Arun Dhatti Roy said: “To me, there is nothing higher than fiction. I am a teller of stories. Her debut novel - ‘The God of Small Things’ proved this claim.
After the gap of almost two decades, ‘The Ministry of Utmost Happiness’ published. The story narrated in whisper artistic use of simile and allusions. The whisper of oppressed people whose voices have been buried under the debris of history.
The novel divided into 12 chapters entitled: ‘where do old birds go to die?’ ‘khwabgah’, ‘the nativity’, ‘Dr. Azad Bhartia’, ‘The Slow Goose Chase’, ‘Some Questions for Later’, ‘The landlord’, ‘The Tenant.’ The untimely death of Ms. Farhat Jabeen the first ‘The Ministry of Utmost Happiness’ and ‘Guih Kyum’.
The main characters are ‘Anjum,Tilo, Ms. Udaya Jabeen, Ms. Jabeen, Musa and Azad Bhartia. These people belong to the lower tier of the society. Arum’s beautiful style fabricated a remarkable plot. The central theme of the story is post-colonial aftershocks. Roy tries to interpret the capacity of common man to bear post-independence traumatic disorder. She demonstrates the significance of hope. The central character (the hero & the heroine at the same time) Anjum represents not a person, class or religion but a civilisation a beautiful past that met a dreadful fate at its end.
Why Arun Dhatti Roy took a long time to write her 2nd novel? The answer is ‘Anjum’, she created this character, it seems, after 20 years in meditation.
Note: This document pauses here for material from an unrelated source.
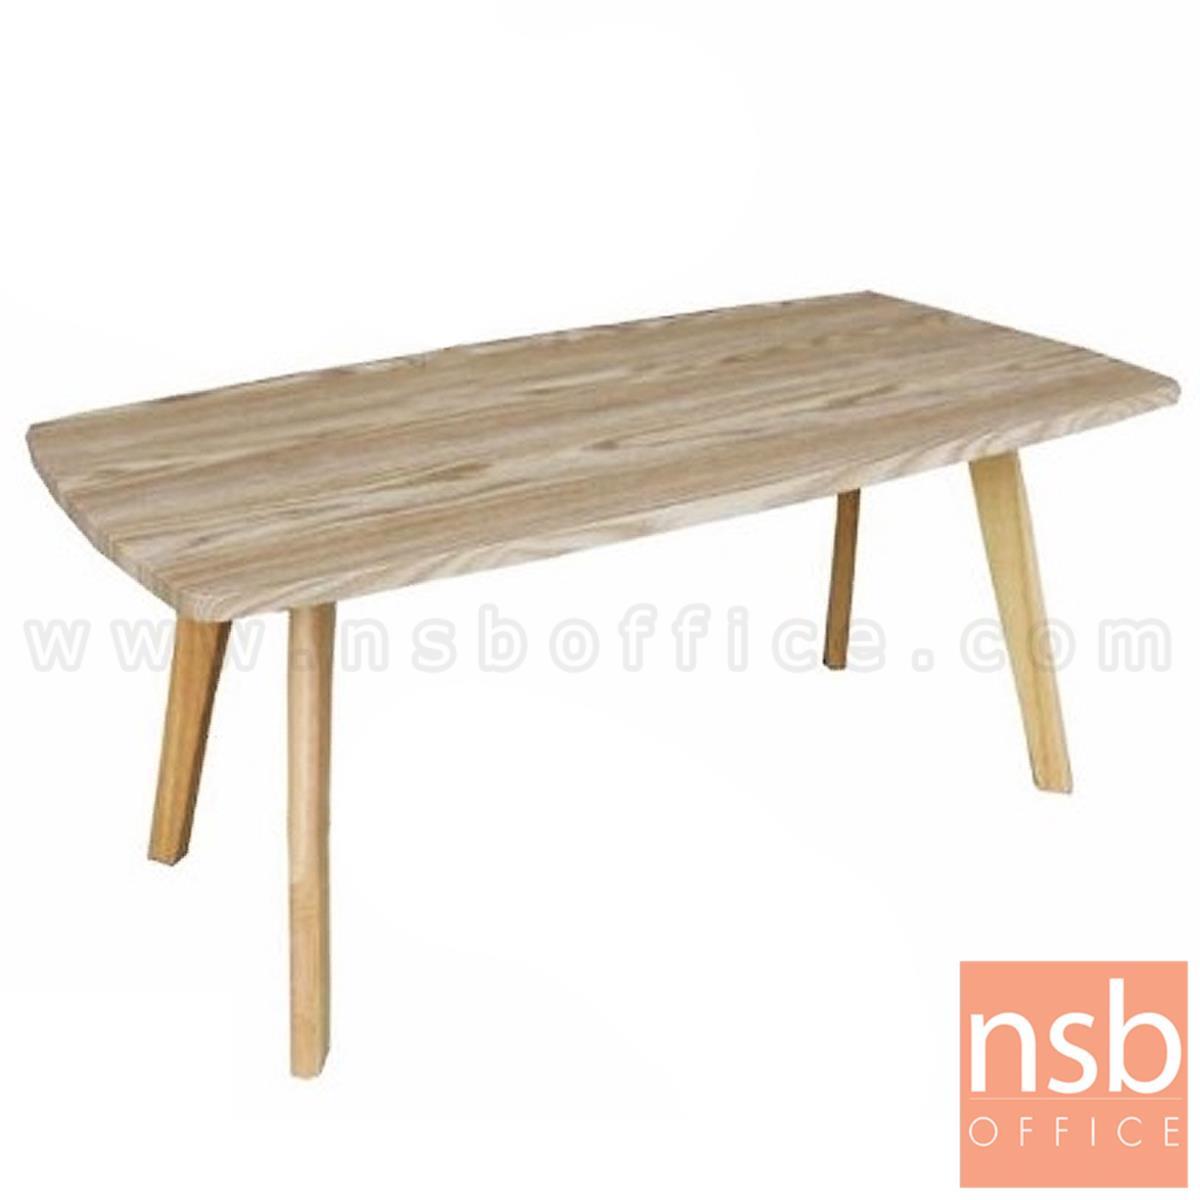 B13A287:โต๊ะกลางไม้ รุ่น Angvish (แองวิช) ขนาด 100W cm. ขาไม้

This character itself is symbolic and it unfolds the story by the metaphors used.
Graveyard and grave of Sarmad Shaheed and vultures help the readers to understand the meanings running between the lines. When we imagined the condition of Mirza Ghalib’s letter in the context of post 1857 situation in Dehli, the character of Anjum explores a lot. The untimely death of Miss Farhat Jabeen is full of grief and hopelessness but the Miss Uday Jabeen, the second baby, is hope in violent situation.
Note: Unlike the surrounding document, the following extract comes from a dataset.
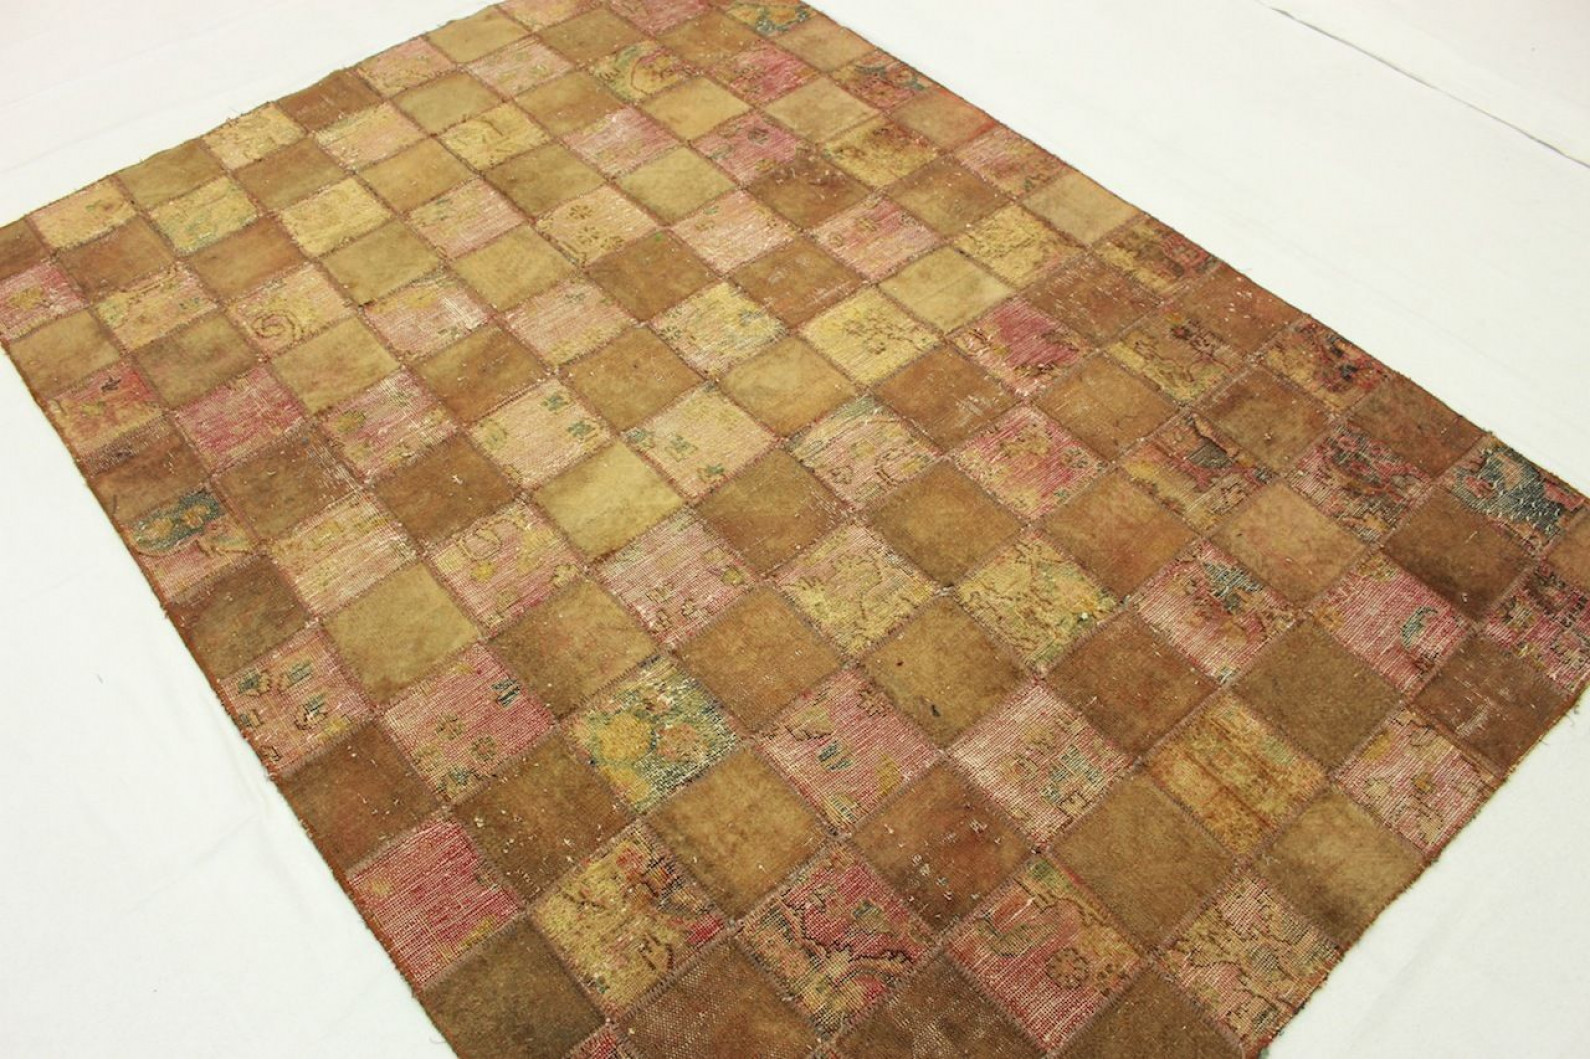 patchwork teppich braun rosa in 210x150cm 1001 2487 bei. Black Bedroom Furniture Sets. Home Design Ideas

‘Udaya’ means, sunrise but the birth of later Ms. Jabeen is more tragic then earlier death. The continuity of culture/norms and family system has been broken. Novelist also used love as literary tool, Peblo Nevoda, Agha Shahid Ali are the example in this regard.
The character of Tilo and her three lovers represent love and hate, peace and violence, beauty and ugliness of the society. Author succeeded to reflex whole picture through the mirror of few characters. She invites the reader to reach the facts in the junk of selected narrative.
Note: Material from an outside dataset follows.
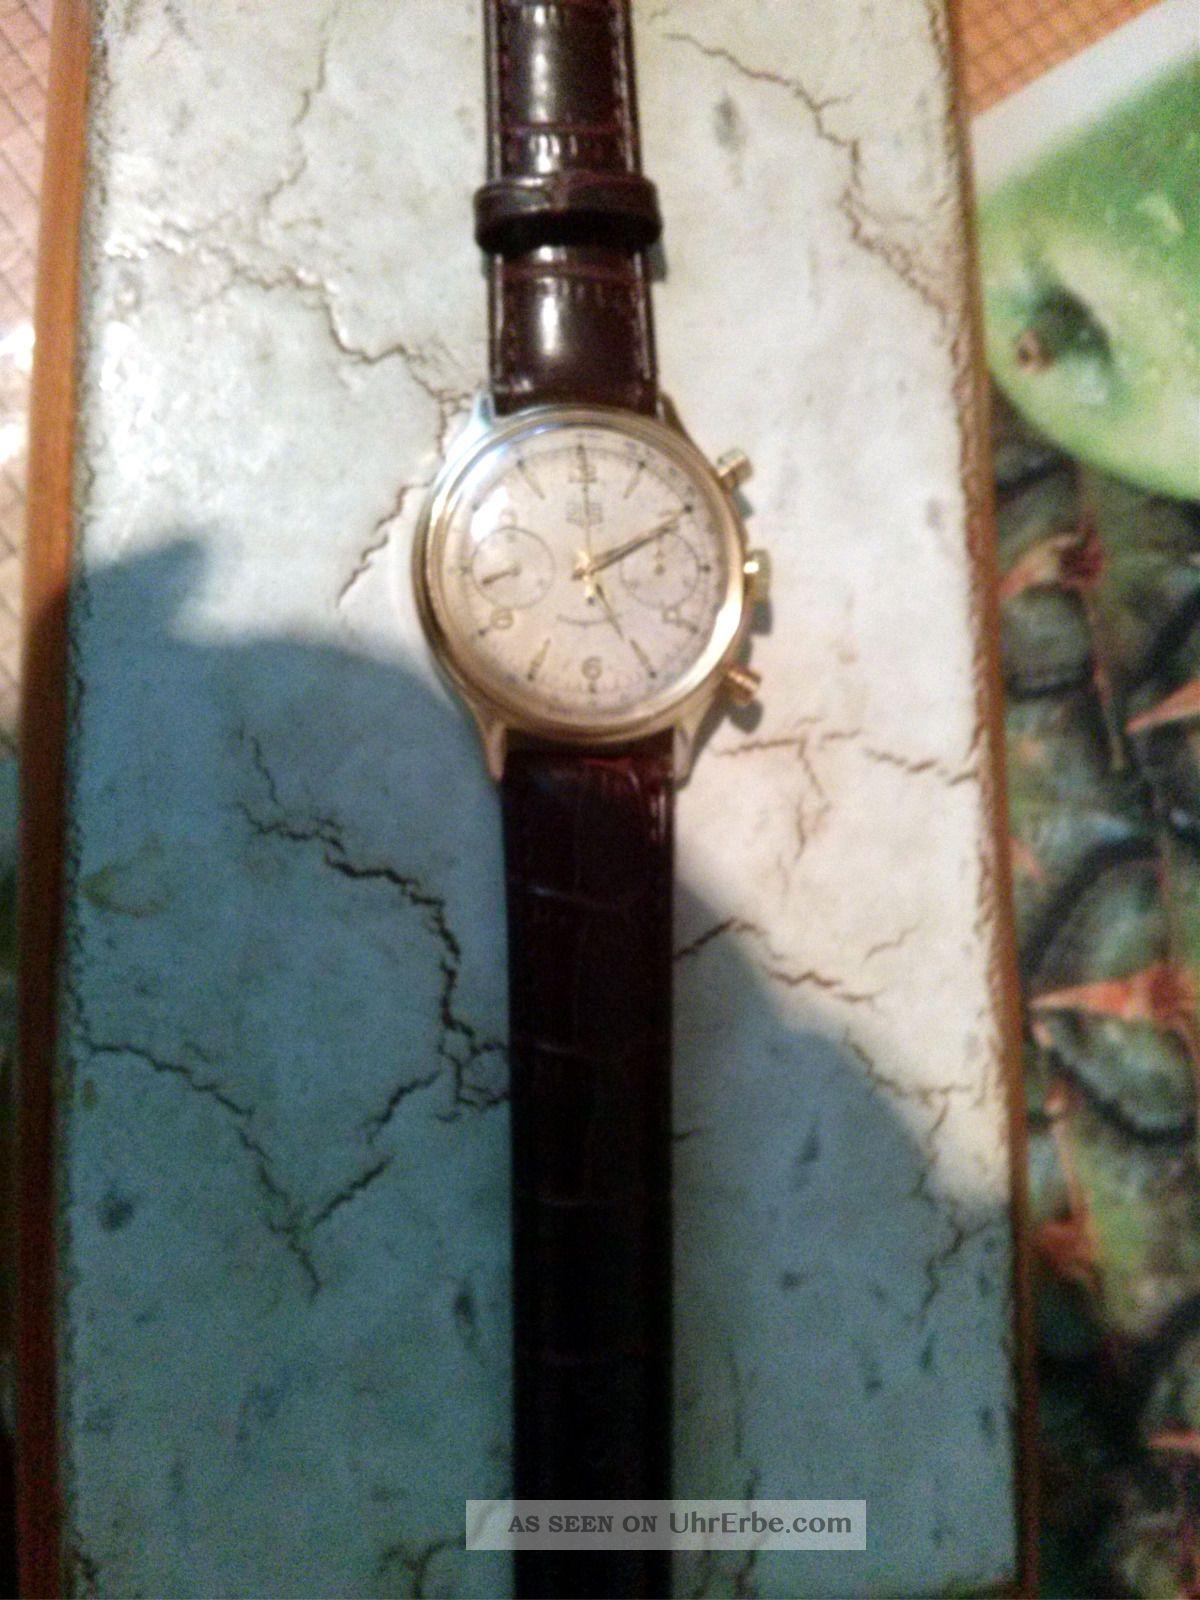 Gub Glashütte Chronograph Kaliber 64 Armbanduhren Bild

Cemetery as place of meeting and Hijra as head of ‘mehfil’ are question marks on the face of a secular society. The issues highlighted in the story couldn’t be written by anyone else except Arun Dhatty Roy.
Some critic rightly objected that ‘Ministry of Utmost Happiness’ missed the element of creativity and sultry. The Novel’s second part failed to turn the theme into literary masterpiece. It is a million dollar question whether Roy doesn’t know the difference between report and fiction or she deliberately opted to write like this. It seems that it is her planned strategy. I personally believe that she can narrate in the style of Gibrial Gorcia Marquis but she is well verse of the limited readership of fiction. And more over to understand the complexed plot (like the hundred years of solitude) for ordinary reader is an uphill task.
Arun Dhatty Roy decided to convey the reality to her audience. She succeeded in exposing the selected colonial narrative. Undoubtedly, the novel demands us to review our skewed acumen and tries to find out the truth.
‘The Ministry of Utmost Happiness’ somehow looks like the sequel of ‘Aag ka Darya’, ‘Udas Naslien’, ‘Chand Gehn’ and ‘Aangan.’